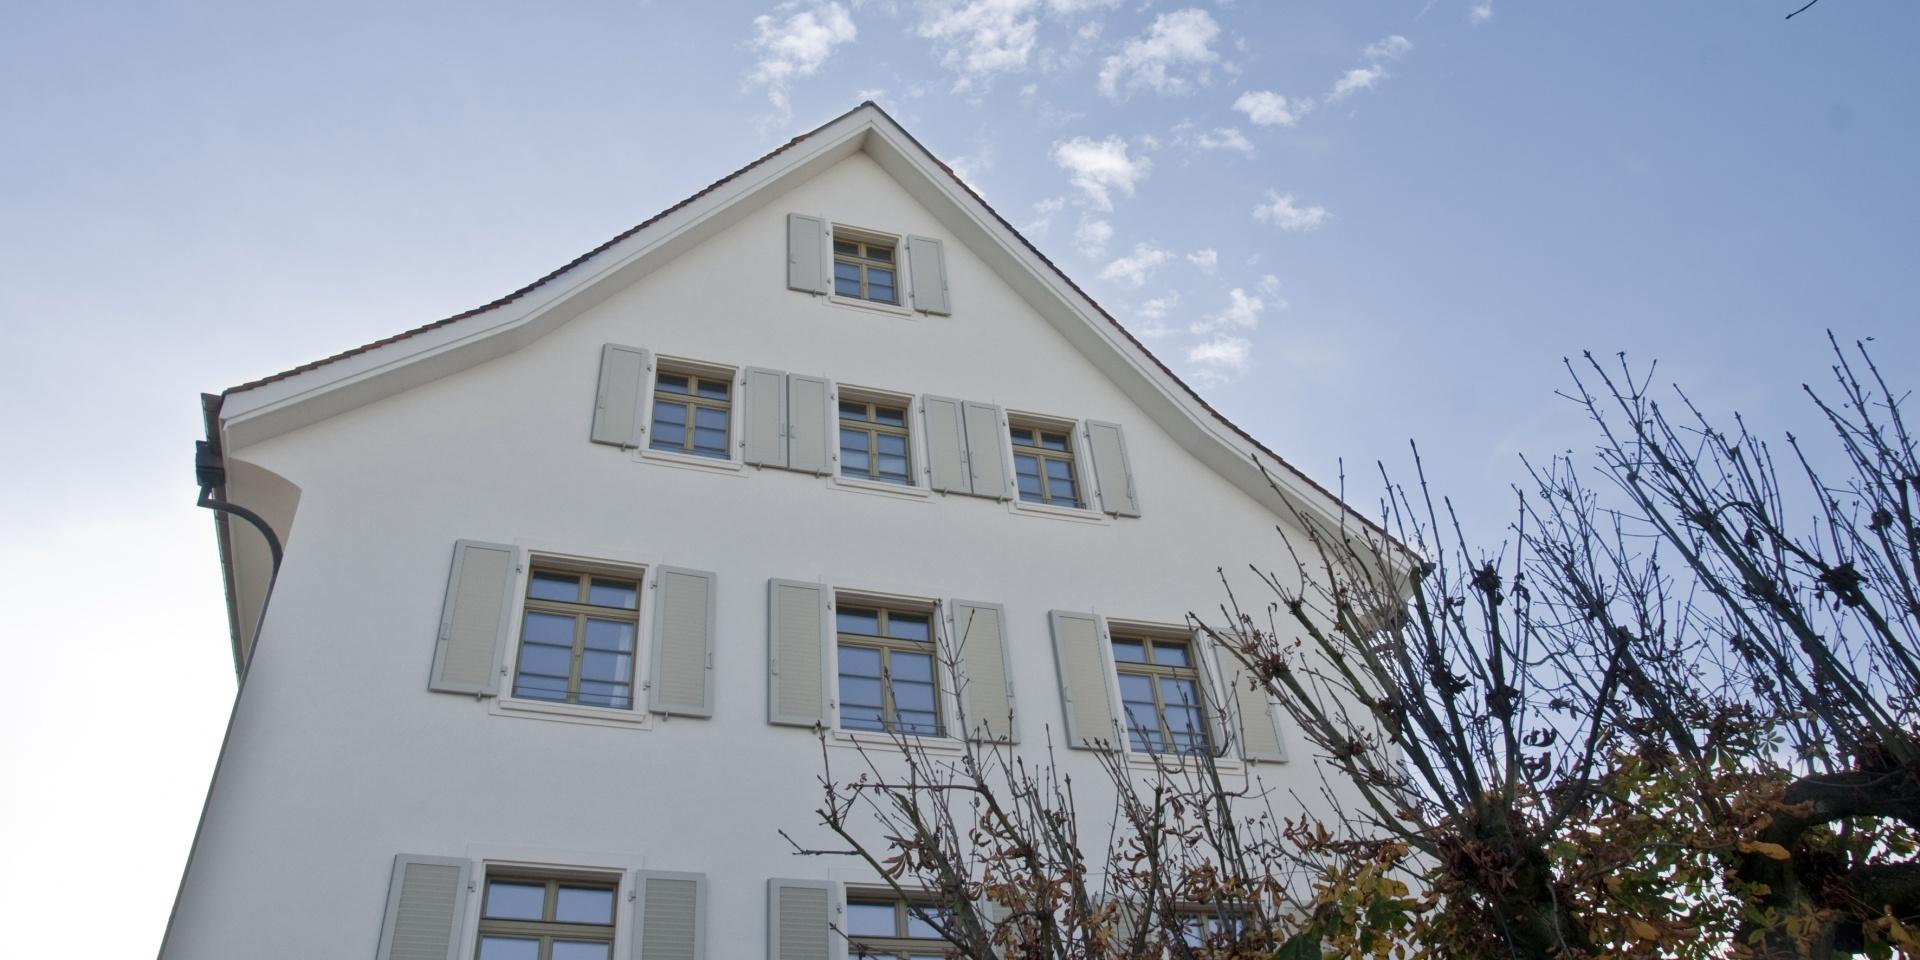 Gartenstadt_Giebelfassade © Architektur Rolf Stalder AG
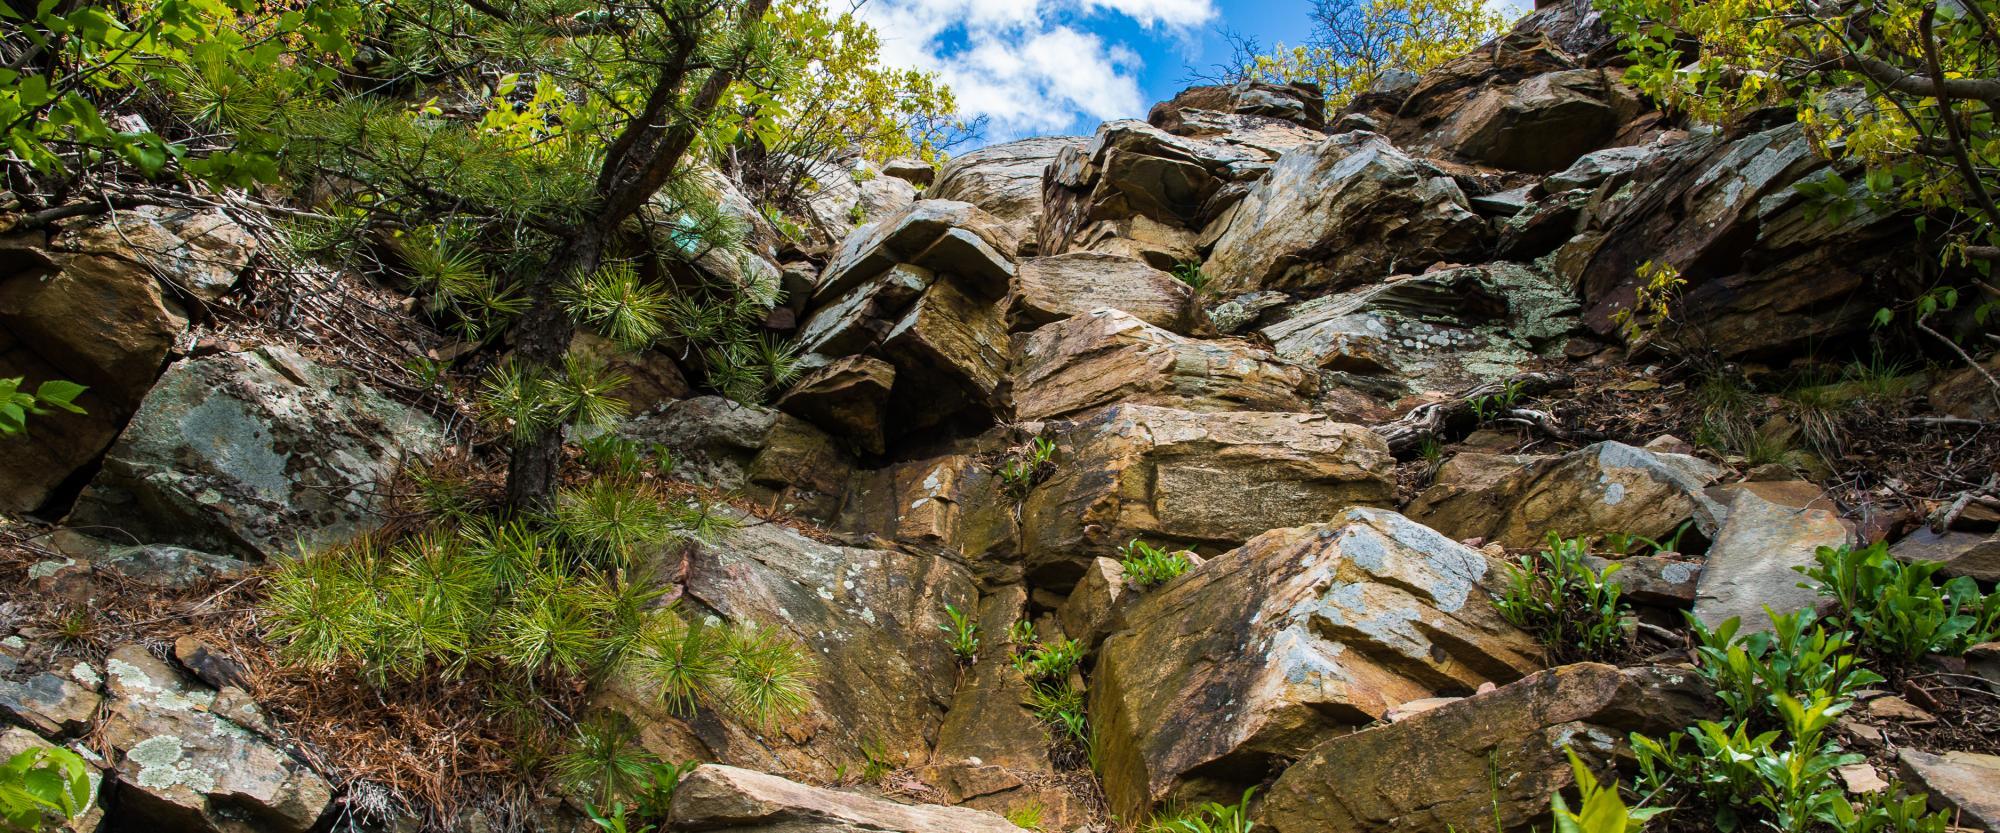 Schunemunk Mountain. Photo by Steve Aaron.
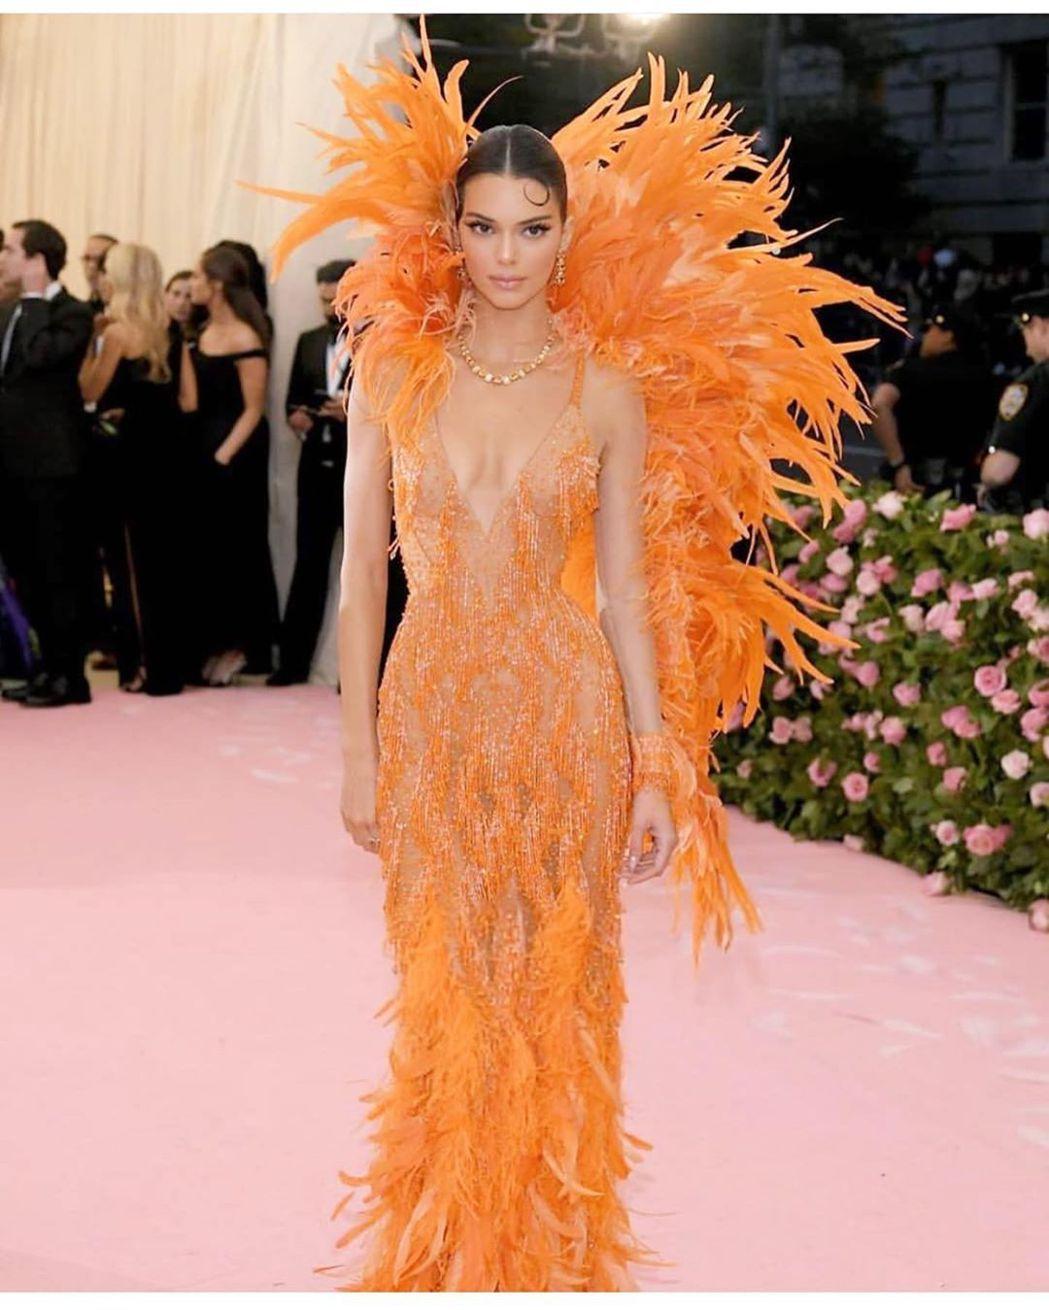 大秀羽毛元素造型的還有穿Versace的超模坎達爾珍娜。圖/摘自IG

+ + +

• [Assignment]:
Could you retype each line of the material above exactly, skipping the pictures?

• [Finished exercise]:
 Gartenstadt_Giebelfassade © Architektur Rolf Stalder AG
 Schunemunk Mountain. Photo by Steve Aaron.
 大秀羽毛元素造型的還有穿Versace的超模坎達爾珍娜。圖/摘自IG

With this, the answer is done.